I also feel like there's always something to learn in a coffee shop. Even if you just go and listen. There was this article I read where this person went around the United States and listened to the different conversations in coffee shops, and then reported on how conversations varied from location to location. So, if someone was here, what kind of conversations are you hearing around you versus if you're in a coffee shop down South? I thought that was super interesting because I have listened to people's conversations here and learned so much (and I know that's eavesdropping but it's really fascinating).
There are so many different types of things going on in coffee shops at all times: people are on dates, people are in interviews, or even intense debates; it's just a meeting place for so many different things. I think people don't realize how much is really going on all the time.

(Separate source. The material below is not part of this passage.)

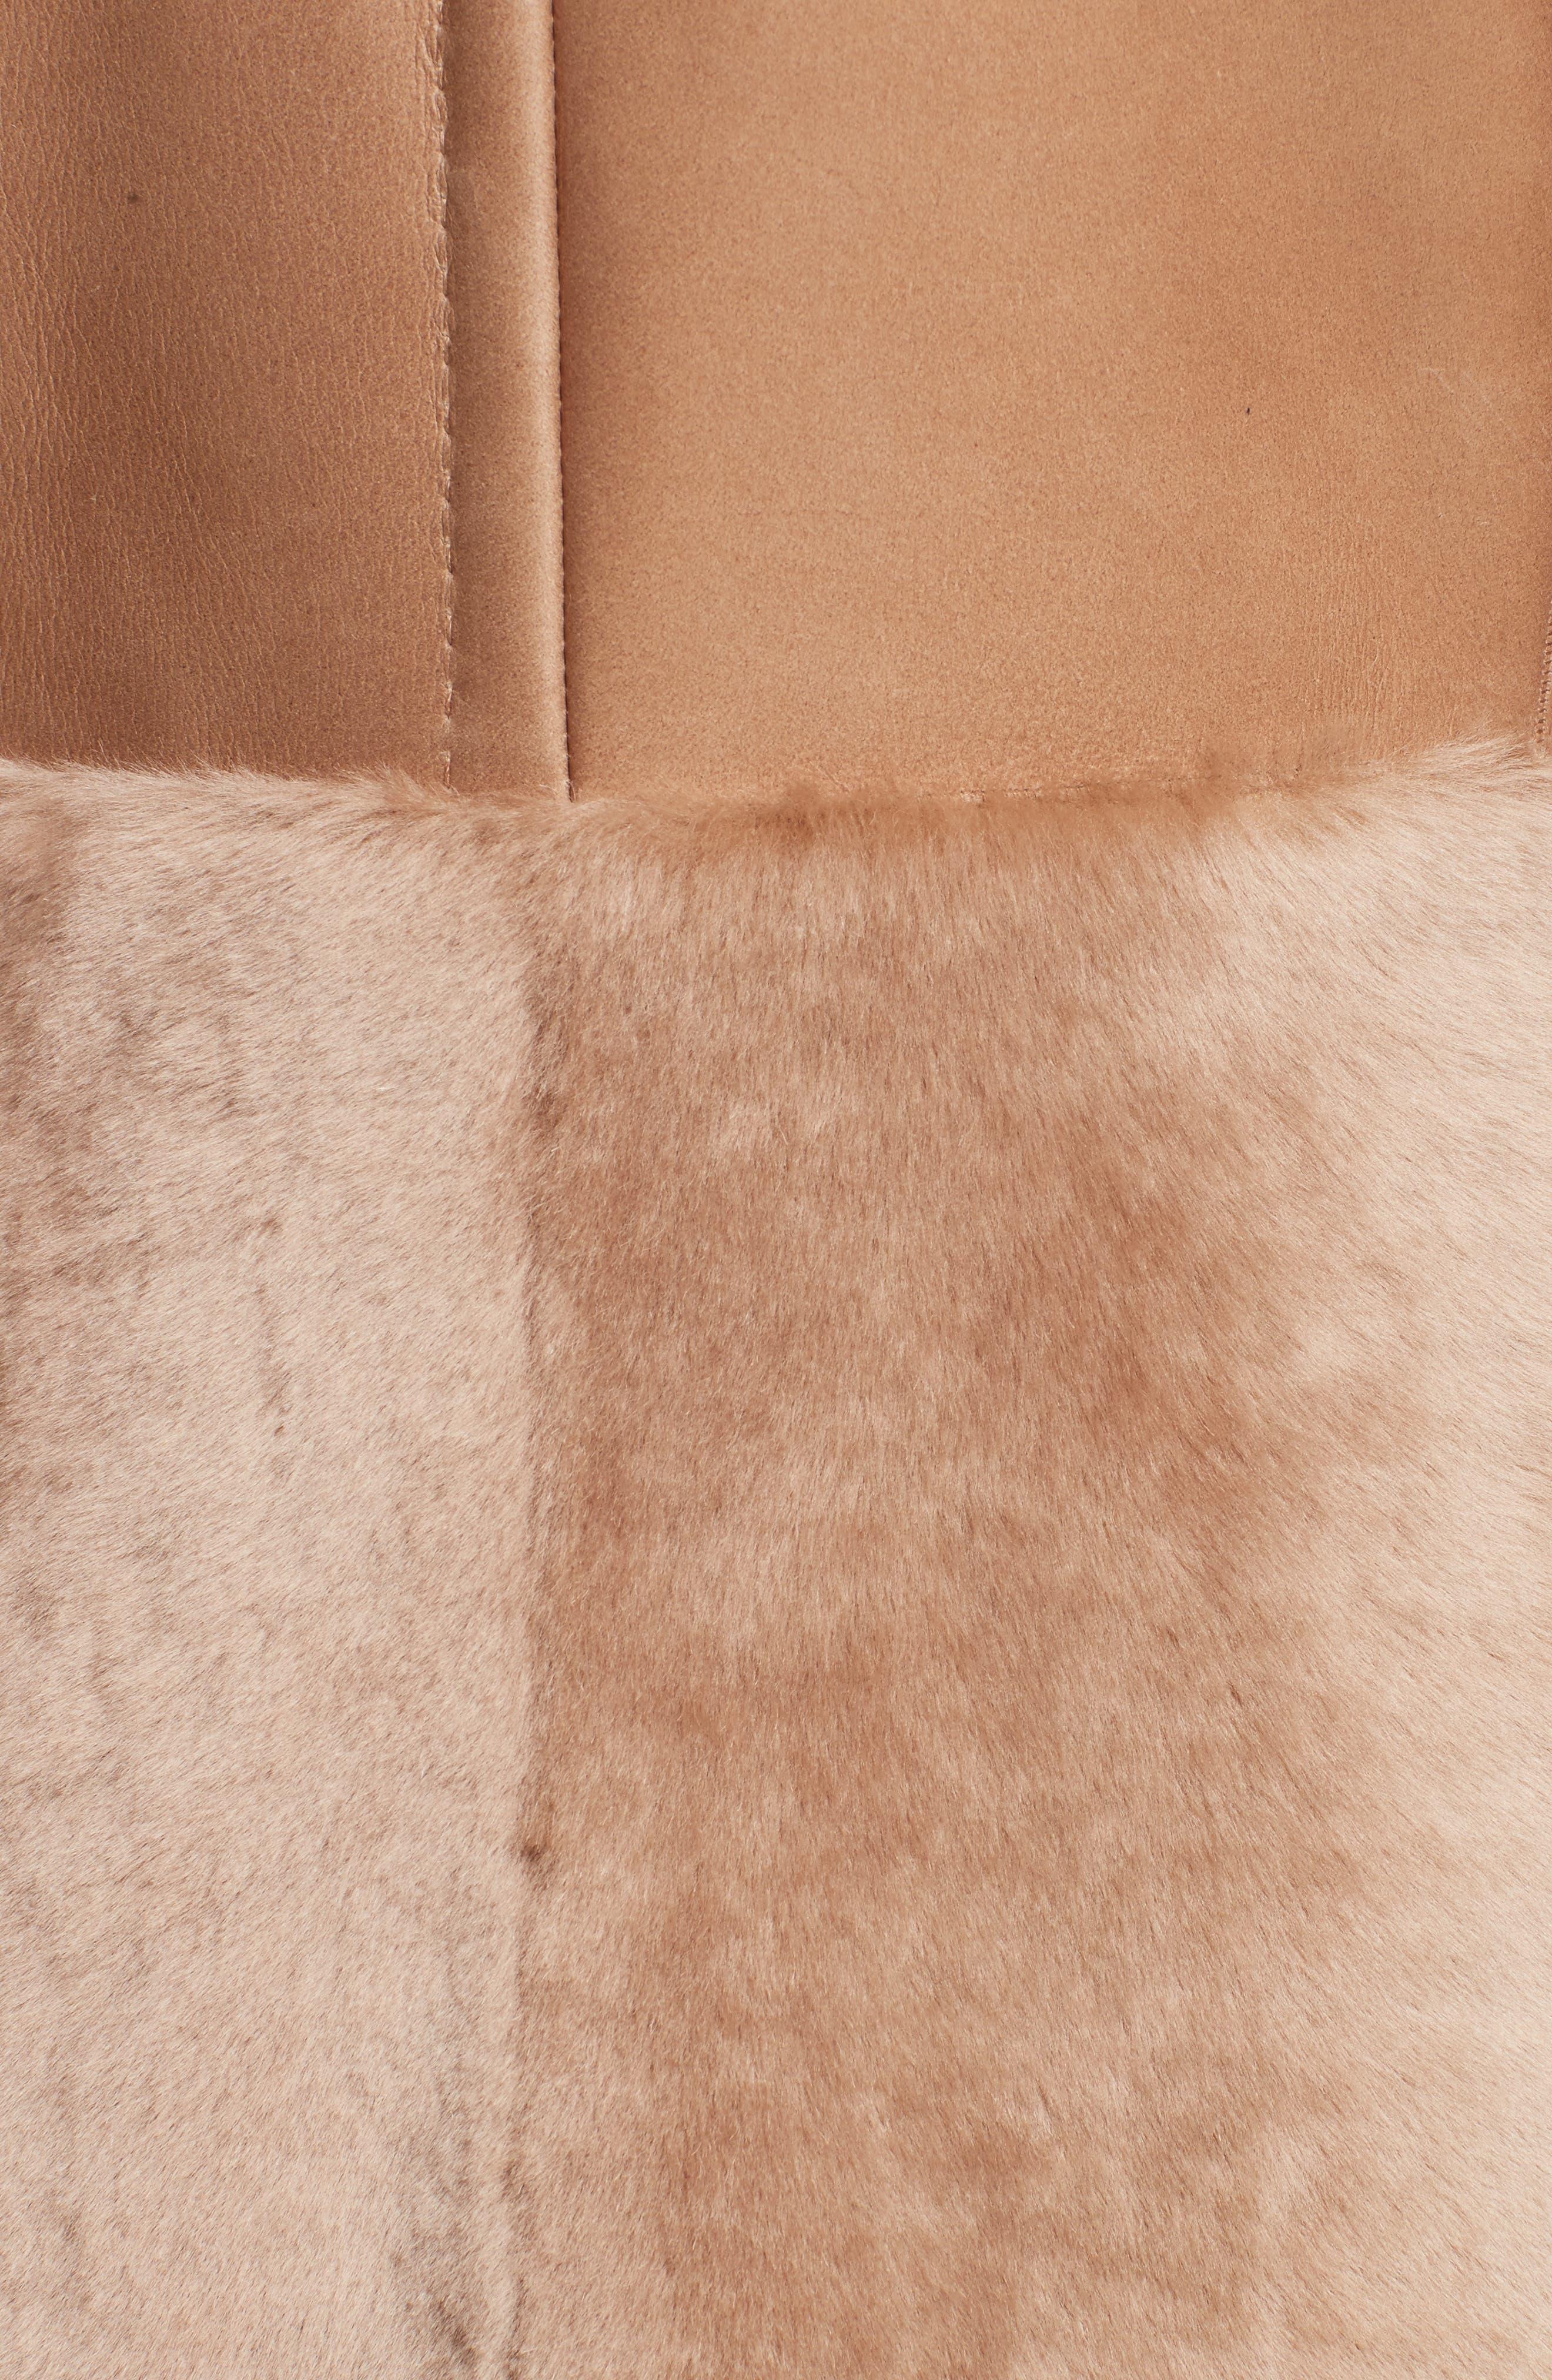 Rimini Genuine Shearling Coat,                             Alternate thumbnail 6, color,                             CAMEL

I also think actually working [being a barista and working the machine] could be like therapy for people. It's like a bartender! A lot of people say you should bartend at least once in your life. I have a friend who has a really, really stressful job in a hospital and she wants to be done. I told her, if you just came here and you just worked for a few days, it would be like therapy to just mindlessly making drinks and talking to people. It's like relatively an upbeat, friendly environment, which I really like.

Any last final things you want to leave people with? Anything else you want to mention? Any new stuff that you are coming out with?

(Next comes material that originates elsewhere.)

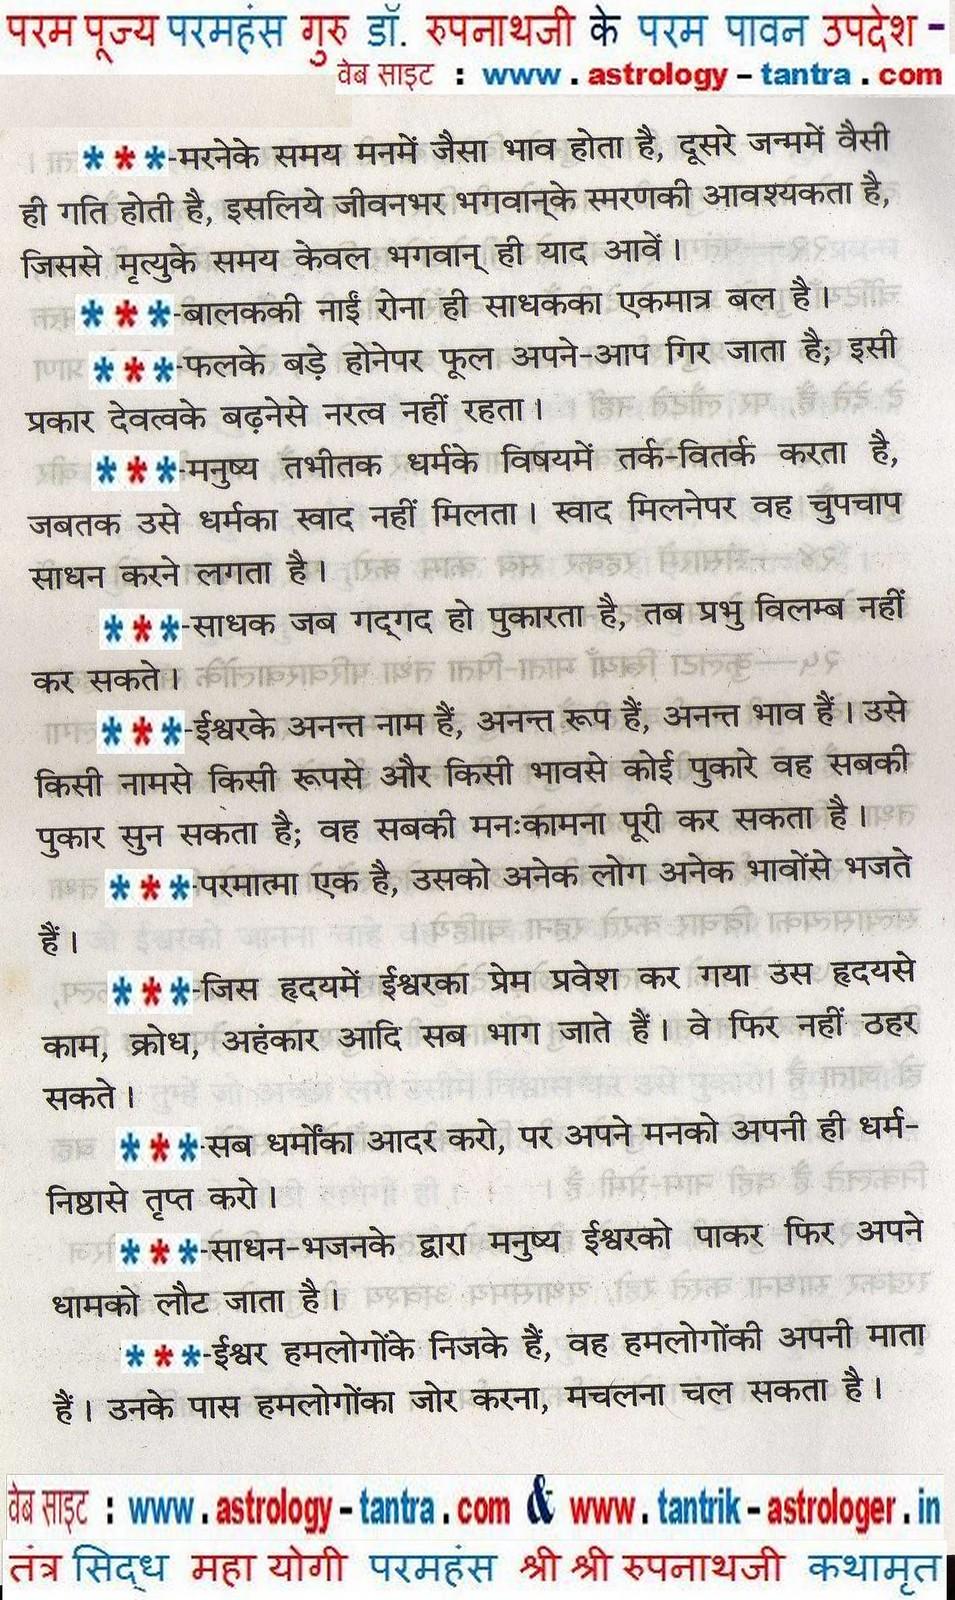 The Nectar of Tantra Siddha Maha Yogi Paramahamsa Dr

Jamie: “I would love to plug the community fridge! Also, we are doing an event on May 1st celebrating International Hummus Day! I have a friend who makes homemade hummus and we’re partnering with him on it. He’s going to be giving away free hummus bowls all day, like FULL hummus bowls with pita!! They're going to be beautiful. We're going to have a tent with games. It's going to be really fun! People haven't been out and my idea was like, “why don't we make it more of an event rather than just serve a bowl so we can like bring life to the street?” And it's free! So who wouldn't want that?

Finally, just another thank you. I think I always try to say thanks to the support of the community for keeping us going because it keeps multiple people’s jobs in place, maintains people's sanity, it helps continue to maintain a safe place for people to come and get out of their houses.”


Thank you Jamie for being so welcoming and open to being interviewed!!